On my drums it is experimenting with the bearing edges and their effect on sound. Still learning but I'm getting it honed down to where I understand what the results of my actions will be.

Reactions: Like 1


----------



## Johnturner (Aug 31, 2014)

In Pens and other turnings I was turning what I thought wers OK pieces then you have an AHA moment when it all comes together and your pieces improve drasticly and you can't believe that you thought your early pieces were "good". (That is not really what was asked, but it will do.)

Reactions: Like 1


----------



## Brink (Aug 31, 2014)

I try to learn something new with every project. 
So, every piece is a progression of the last. 
Straight legs became tapers, tapers into arches, arches into tapered arches...
M&T joints became wedged m&t, then pinned...
Dovetails got out of the drawers, became visual elements, sometimes structural.
I practiced and refined my hand tools, belt sanders gave way to scrapers. 
I stopped looking at others work, preferring to keep my ideas my own.

Reactions: Like 3


----------



## Tclem (Aug 31, 2014)

Better quality wood

Reactions: Like 1


----------



## Mike1950 (Aug 31, 2014)

Sorta the same as brink- more power tool oriented.

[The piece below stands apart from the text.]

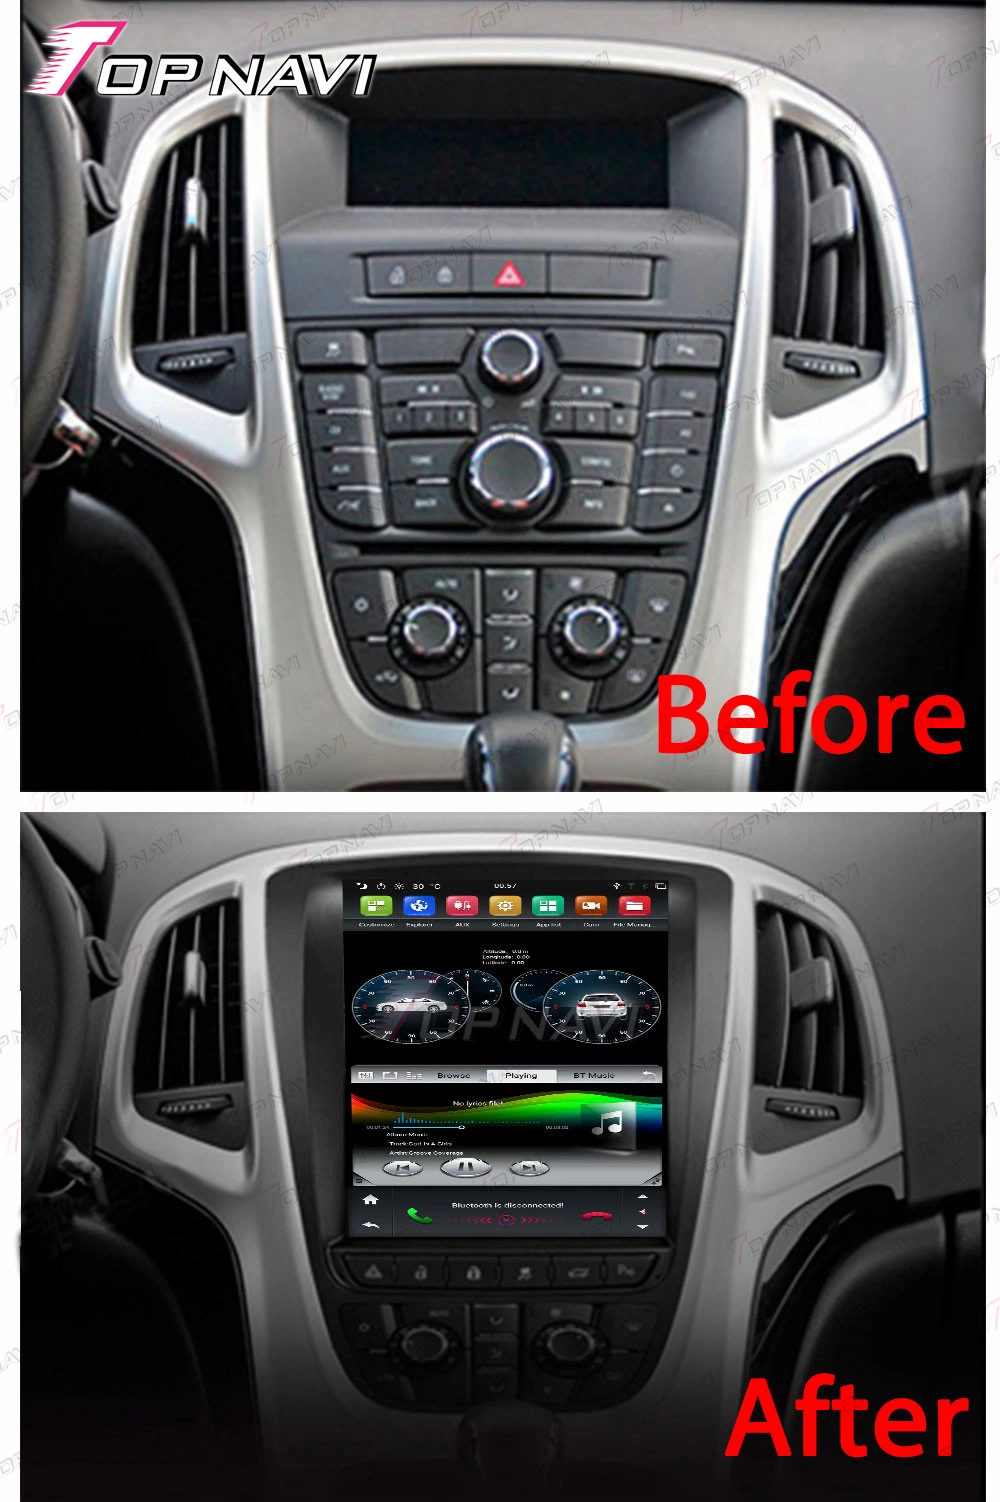 9.7 Inch Car Stereo Android for Opel Astra J 2012 2013 2014 Car Entertainment System Car DVD Player

I try to change what i am doing even if it is the same style. What controls my furniture design is simple- i am married!!! Kathie draws it- I build it. Even if it is for some one else she is my private color/ designer. bench was my design but how can you go wrong with maple and walnut..........


----------



## Schroedc (Aug 31, 2014)

My designs get more involved, my joints get tighter, experiment with new joints like M and T, Dovetail as a design element, spline joints, etc. and my finishes keep getting better as I learn patience with each piece. My turnings get more consistent, and the wall thicknesses more constant (I think my first bowl was 1/4 inch thick at the rim but about 1 3/4 at the bottom)


----------



## woodtickgreg (Aug 31, 2014)

I don't think what I do with wood can really be called a career, if it was I would probably be starving and living under a bridge somewhere. But I do enjoy wood working and I am always trying new things that I have not done before. I too like to use dovetails as a design and visual feature. I like to mix different contrasting woods in a project as well. I like to do flat work, scroll work, and turning. I get bored doing the same things all the time, variety keeps it fun and interesting. The biggest thing that has changed in my wood working is the almost exclusive use of materials I have milled, which means using domestic hardwoods for almost everything I can. The milling has become part of the wood working, just another step, and one that I really enjoy. I would say I like milling as much as the working of the wood. Taking a project from the tree or log to a finished whatever is very gratifying.

Reactions: Like 1


----------